When you are first getting started in meditation, it may be hard to know if you are doing everything exactly the way it should be done. For many, this causes feelings of self doubt and frustration. If you aren’t doing it exactly the way it should be done, then surely you are at least in part failing at it, right? Wrong. Any technique someone describes to you will initially feel alien and difficult when you first try it out, so don’t worry if you aren’t sure how everything is supposed to go. In the beginning, all you need to do is focus on your breathing, and every time your mind wanders elsewhere (and it will), just bring it back. Over and over again. The rest will take care of itself.

A Tense Body Makes a Tense Mind

One of the most common obstacles to relaxing our minds in meditation is that our body may still be tense. Since the mind and the body are connected, a tense body will keep the mind from achieving an optimal state of relaxation.

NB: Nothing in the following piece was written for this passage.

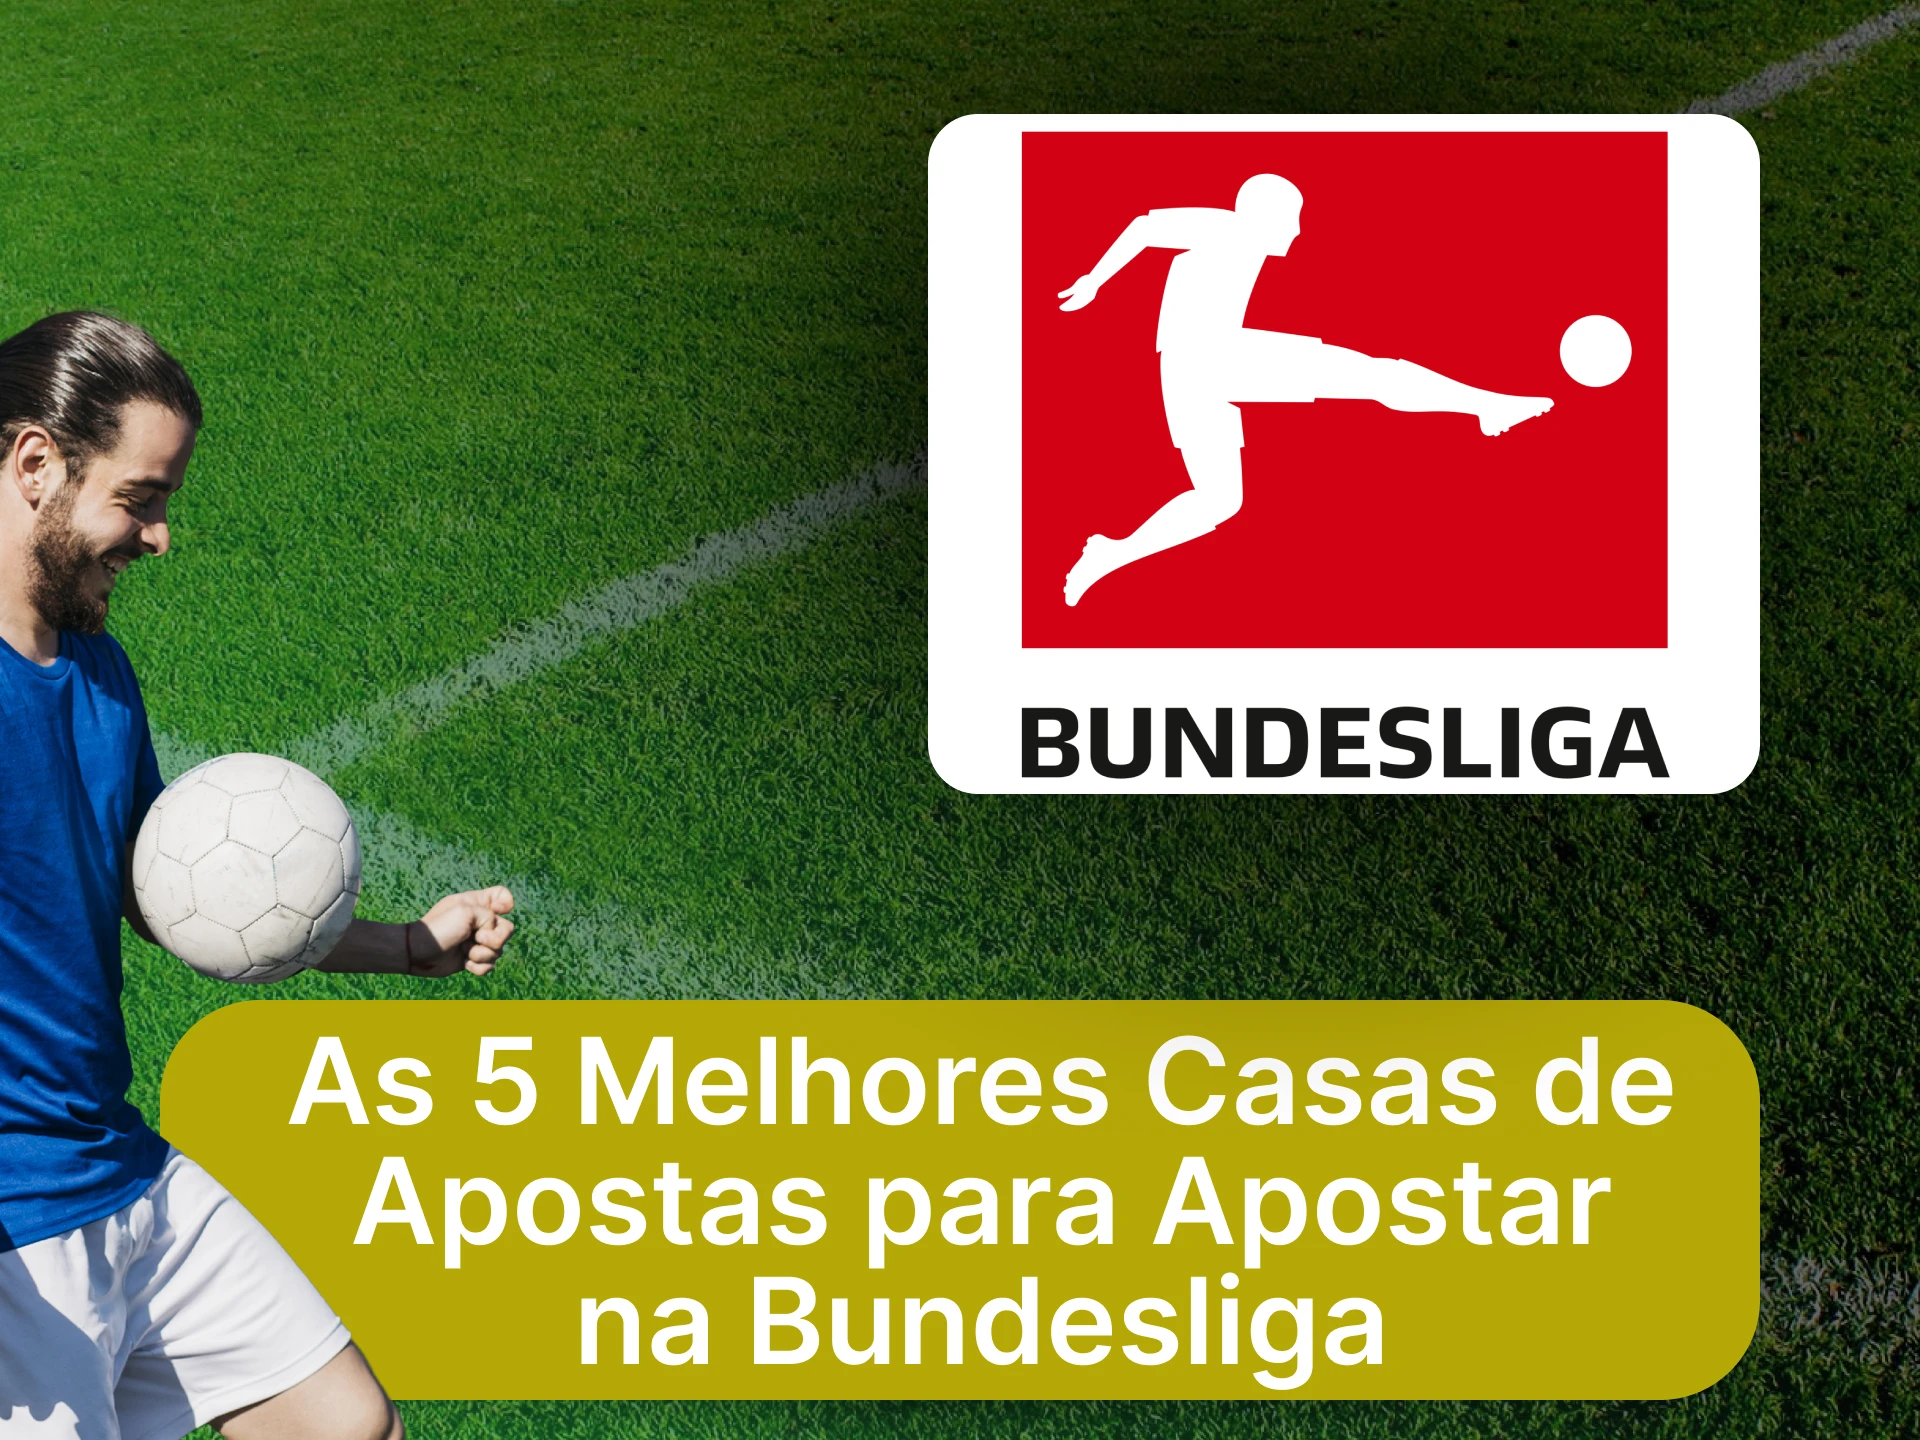 Confira os melhores sites de apostas da Bundesliga.

Luckily, there’s a quick way to get your body relaxed before you start your meditation. After you sit down in the position in which you will meditate (but before starting the actual meditation), take a moment to make sure every part of your body is relaxed. Start by focusing on your head and neck. Move them around a little bit to make sure they are relaxed. Then move down to your back, chest and arms, and keep going until you finally relax your ankles and feet. The whole process shouldn’t take more than a minute.

Your Mind Will Wander, And It’s Ok

Many beginners get frustrated when they don’t seem to be able to focus on their breathing all that well. It makes them feel that every time their mind wanders, they are somehow failing at meditation and that makes them feel frustrated, dejected or angry.

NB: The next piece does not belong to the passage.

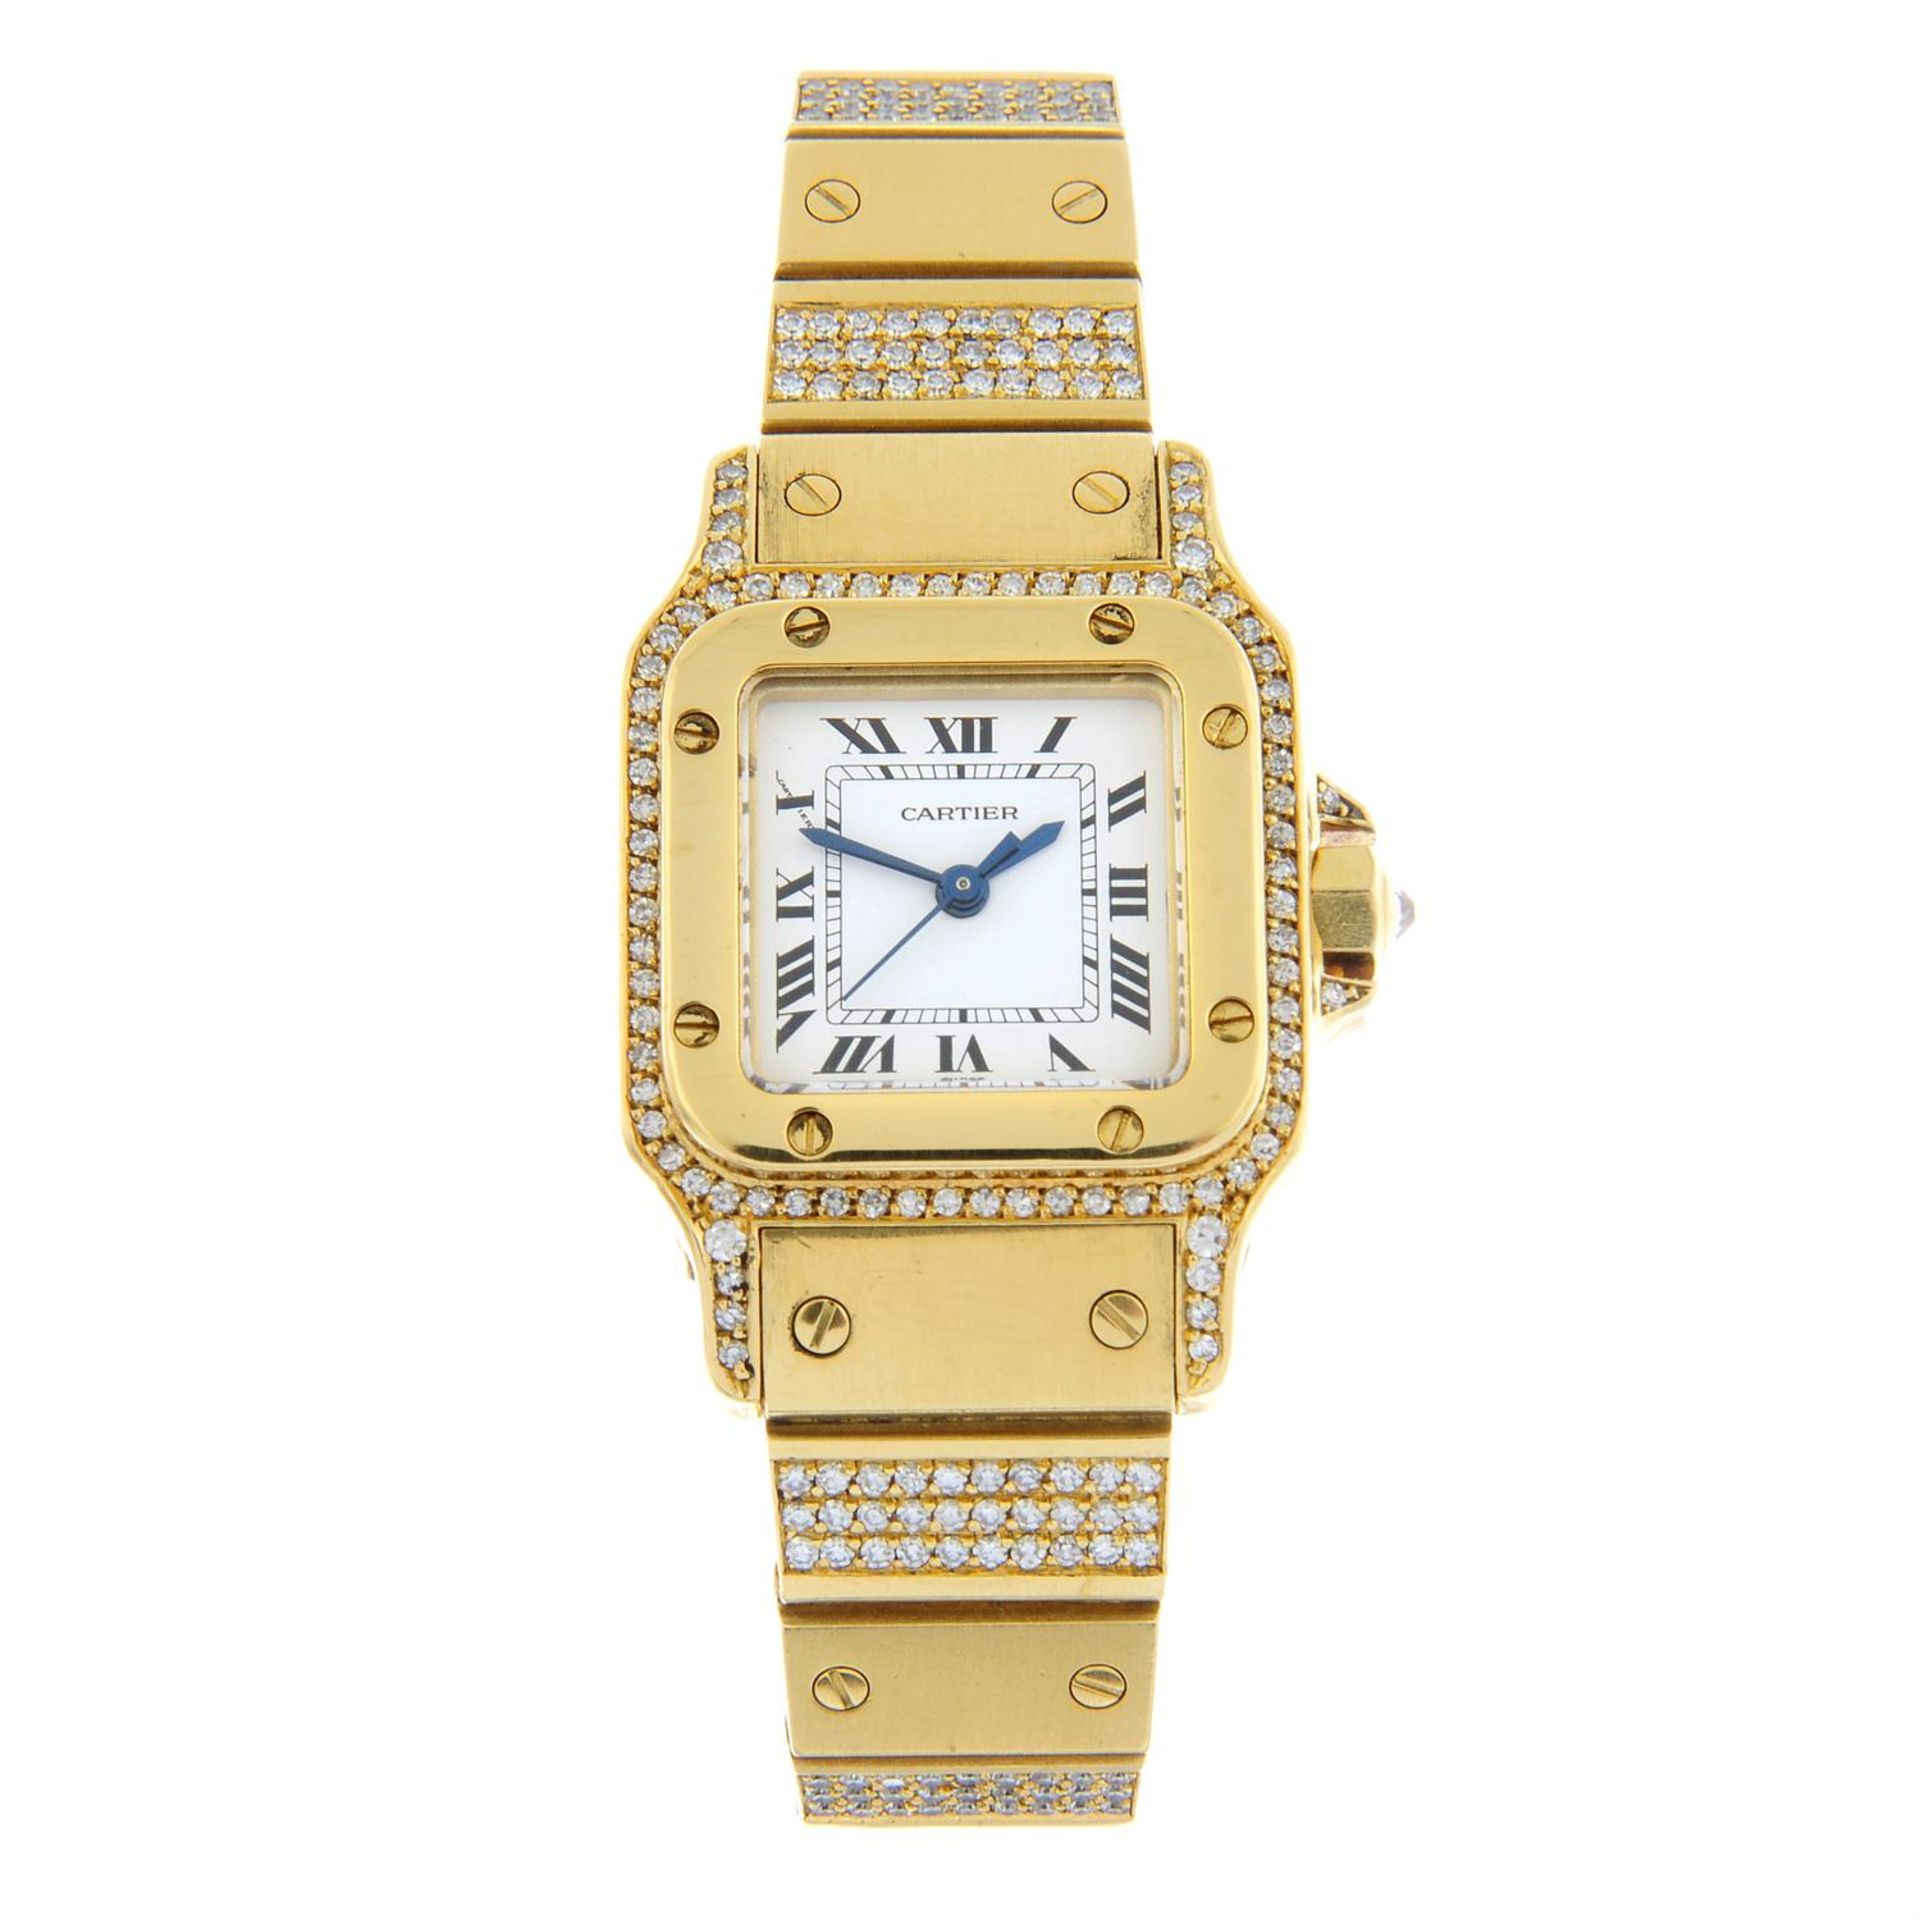 CARTIER - an 18ct gold diamond set Santos bracelet watch, 24mm.

This way of thinking misses a very important point about meditation: it’s not about being able to focus perfectly; it’s about correcting the focus by returning back to the breathing every time the mind wanders elsewhere. This process of not allowing your mind to roam free and wild is your main concern.

It doesn’t matter if your mind wanders 5 times or 100 times during the 10 minutes. What matters is that you bring it back to your breathing each time. Over time, you’ll get better at it, and that means your focus as well as your ability to concentrate and control your mind are improving.

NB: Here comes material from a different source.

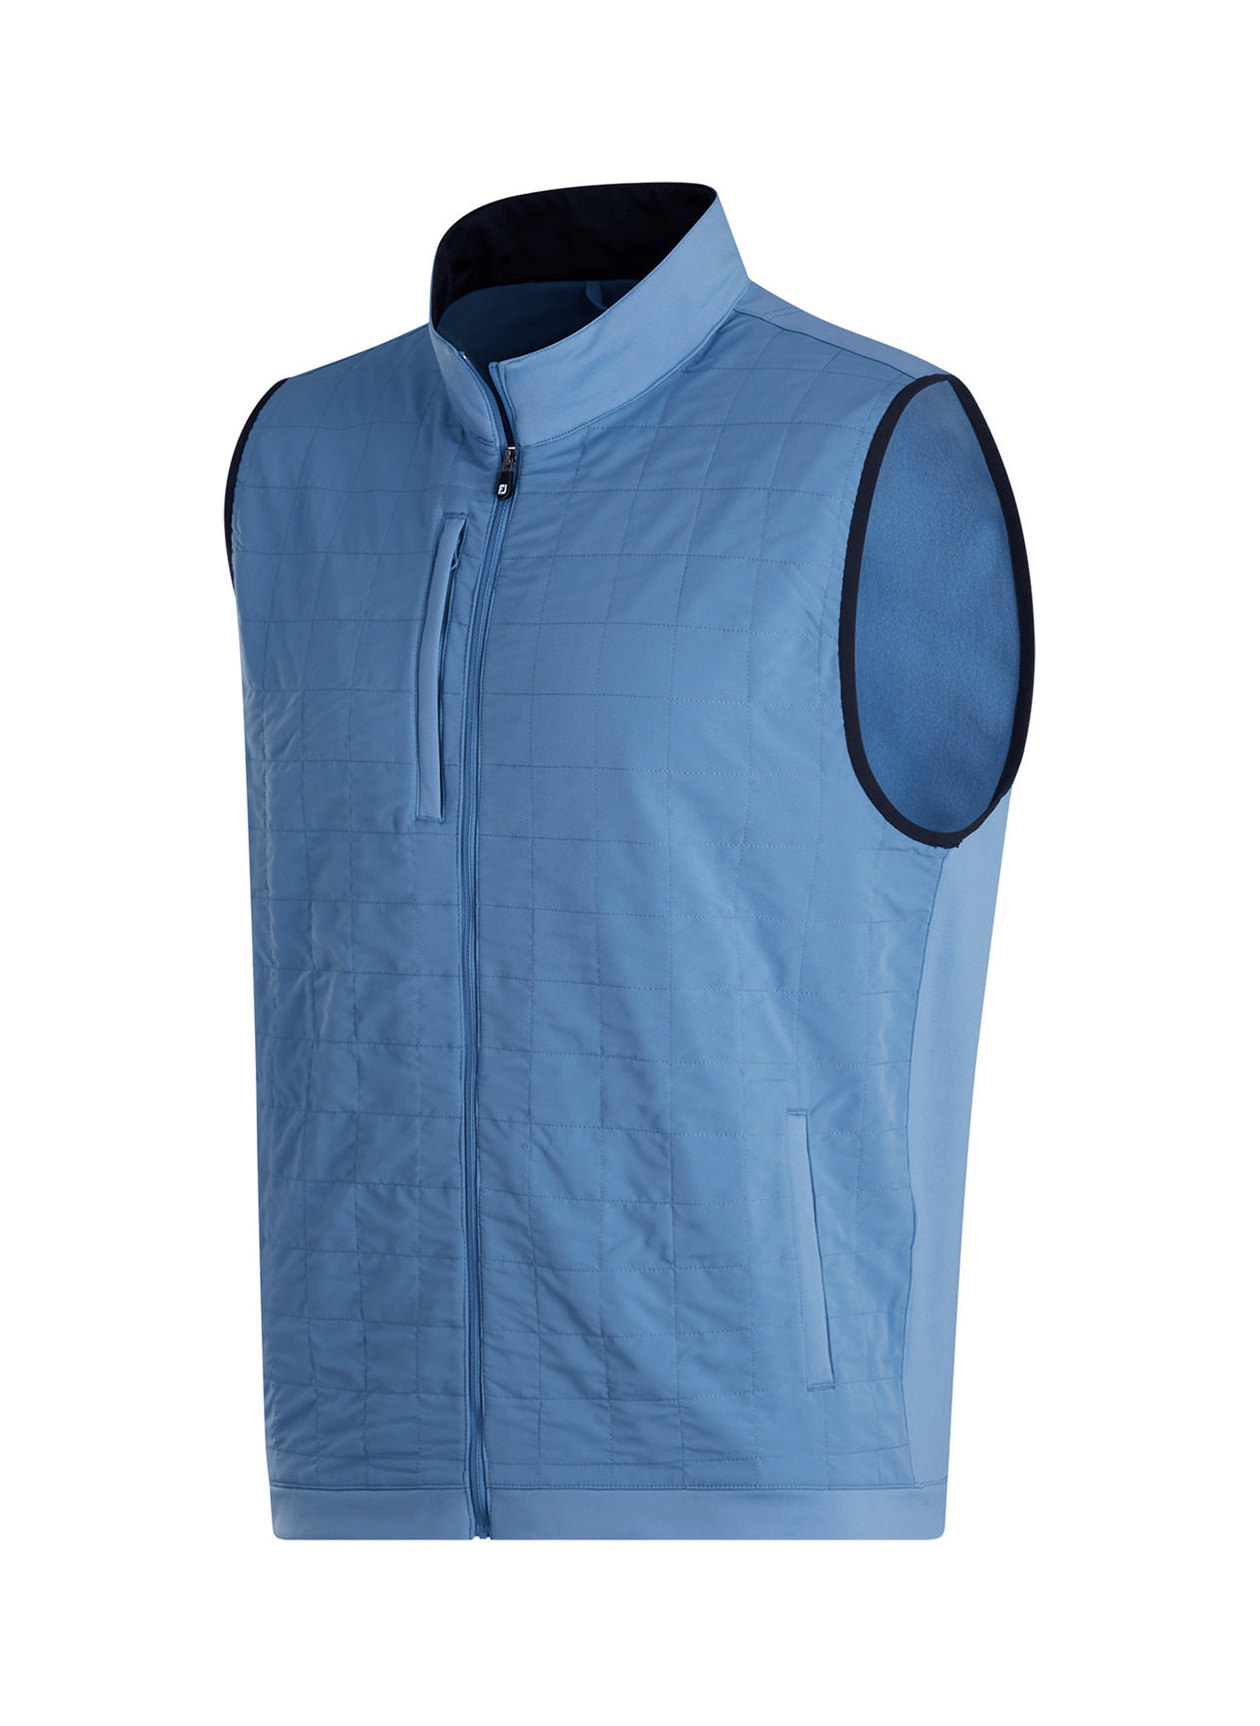 FootJoy Men's Indigo Hybrid Vest

3. How to Make Meditation a Habit (And Not Just a One Week Fling)

Here’s the part that most meditation guides skip, and it’s why I failed the first half a dozen times I tried to start meditating: in order to get the meditation habit to stick, you need to find something pleasurable in it.

The ultimate pitfall for any beginning meditator is to focus on the time left on the clock. If you meditate with the objective of trying to survive meditation for 10 minutes (or whatever amount of time you’ve designated for yourself), I promise you will not have a very enjoyable experience. Your mind will be constantly impatient and anxious instead of relaxing in the moment, and when the 10 minutes is over, you’ll be tired and relieved rather than focused and relaxed.

The most effective way to make meditation an enjoyable experience is to start thinking about it in a way that makes it seem fun and enjoyable as opposed to just another thing you need to do every day.

To help you find something to look forward to in each meditation session, here are a few suggestions on how to approach them:

  • Think of meditation as a warm bath for the mind or a small vacation from the chaos of your thoughts. I often use this image when I notice myself being a bit too intense for the meditation and needing to relax a bit more.
  • Another popular way of thinking about meditation is to think of it as defragging your personal hard drive so that it will be able to think faster and more clearly throughout the day. After all, it’s true.
  • You can also think about the fact that the practice of meditation has been shown to strengthen the prefrontal cortex of your brain. Yes, that’s the prefrontal cortex that controls your impulses and will-power, thus making you almost instantly more resistant to bumps in your road.


I hope this guide is helpful in starting your new meditation habit and sticking to it. Let me know if you have any other tips that will make meditation easier and more fun in the beginning!